### Task goal
Leaving the pictures aside, transcribe every line below exactly.

### Collected material
# # # # # # #
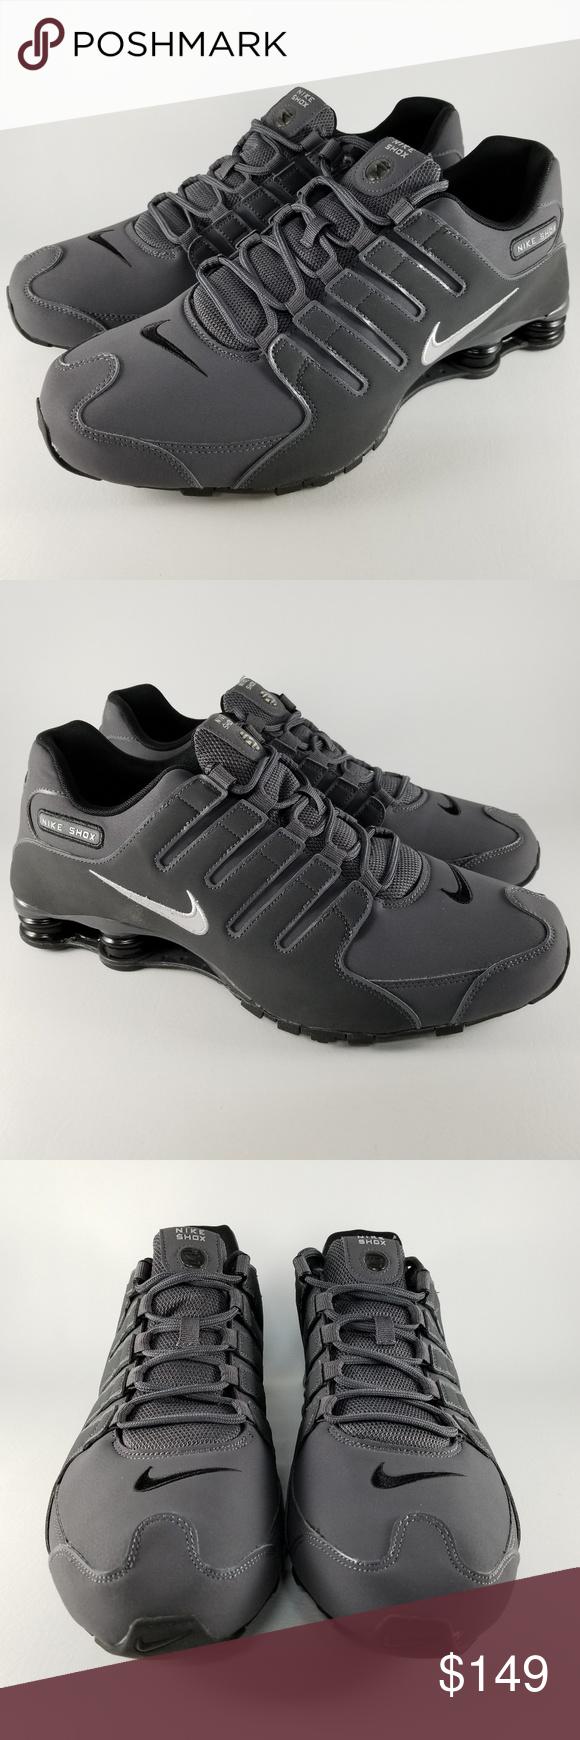 brand new 87e0a ea40b Nike Shox NZ Men s Running Athletic Shoes Grey 15 Nike Shox NZ Men s  Running Shoes Style
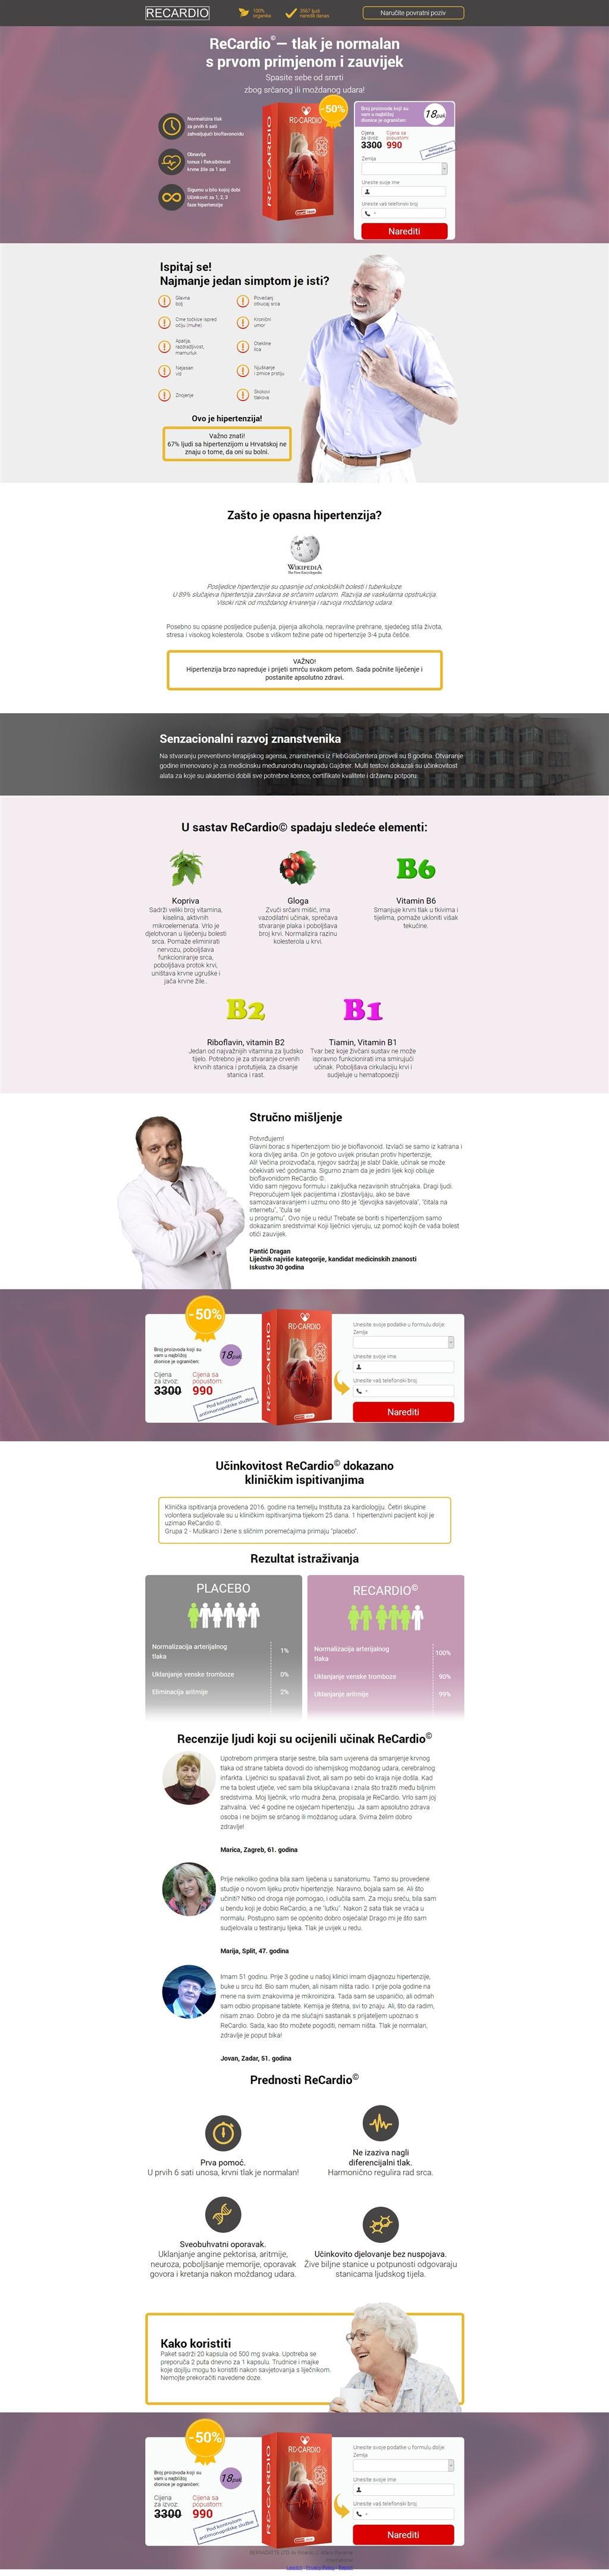 liječenje hipertenzije ricardo journal of hypertension
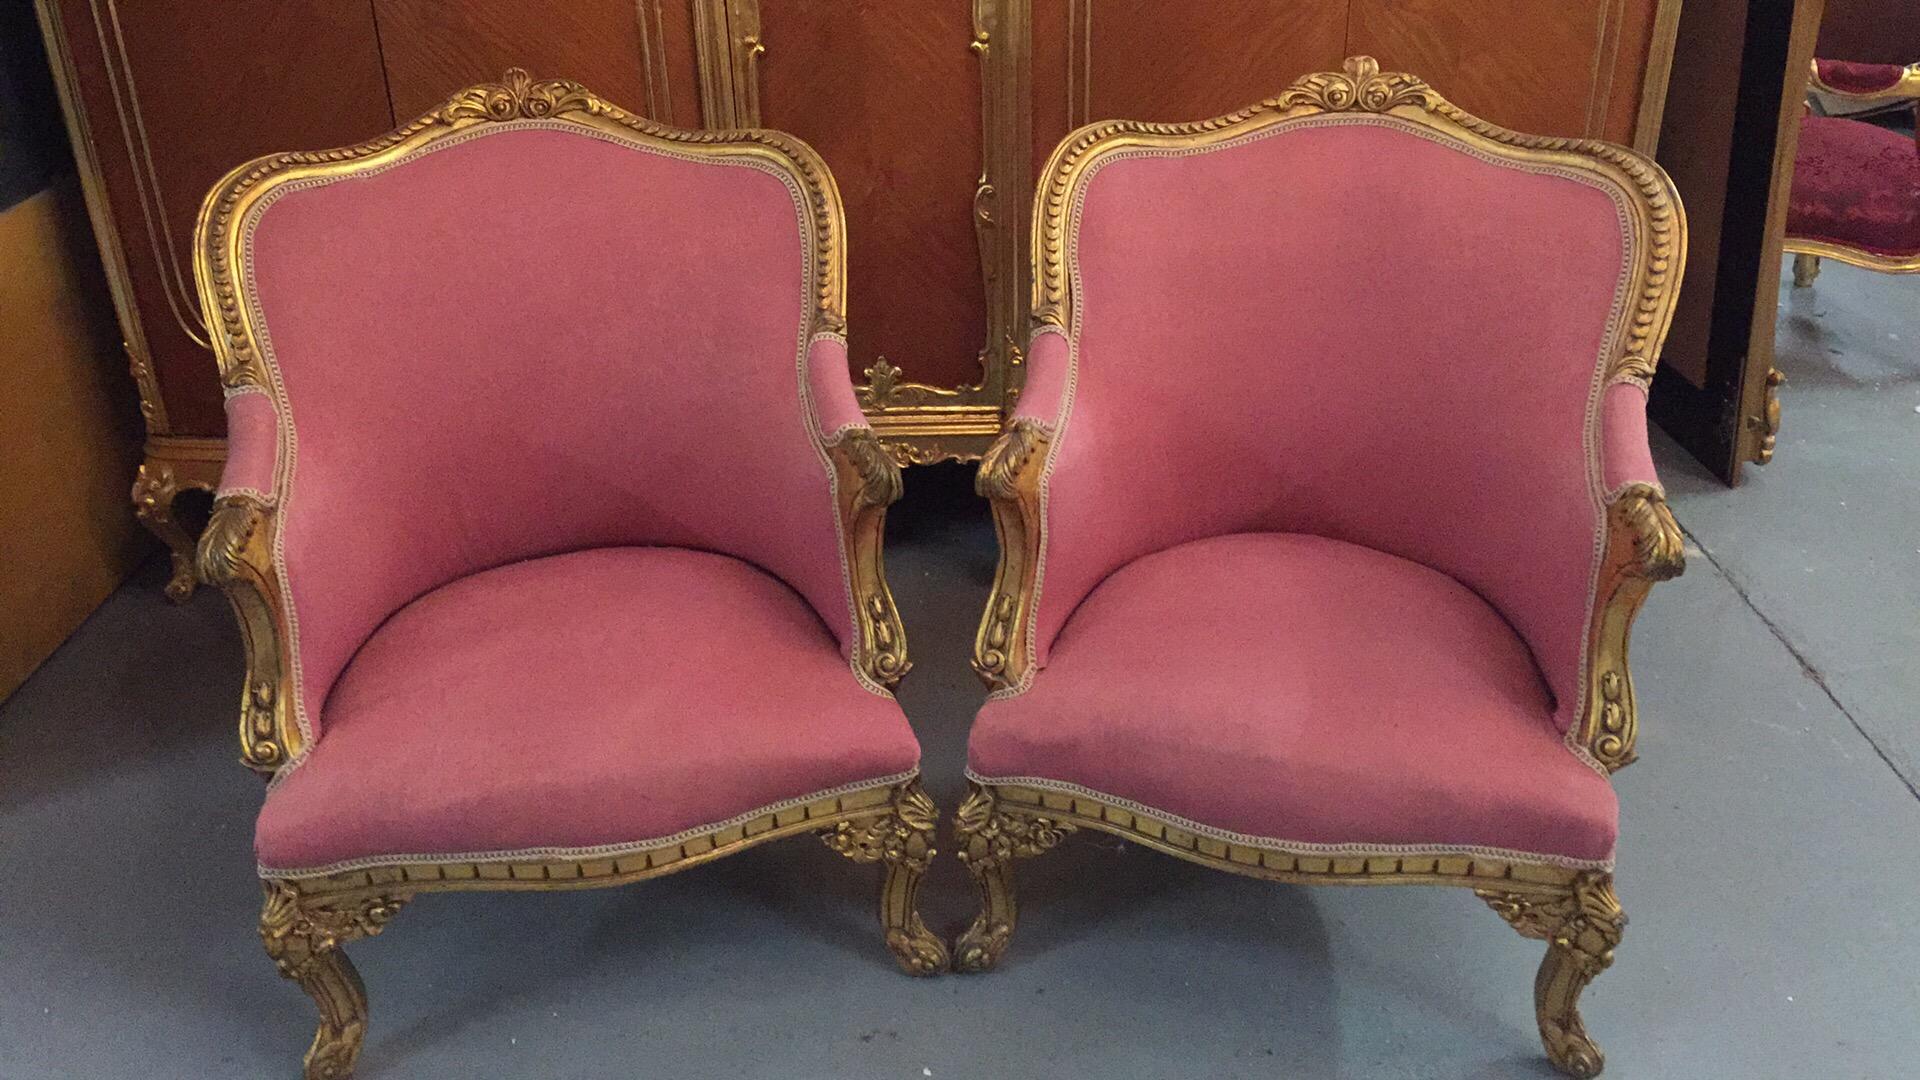 Renaissance Antique Furniture and Lighting Warehouse Dublin Ireland antiques sofa
# # # # # # #
### Expected answer
 brand new 87e0a ea40b Nike Shox NZ Men s Running Athletic Shoes Grey 15 Nike Shox NZ Men s  Running Shoes Style
 liječenje hipertenzije ricardo journal of hypertension
 Renaissance Antique Furniture and Lighting Warehouse Dublin Ireland antiques sofa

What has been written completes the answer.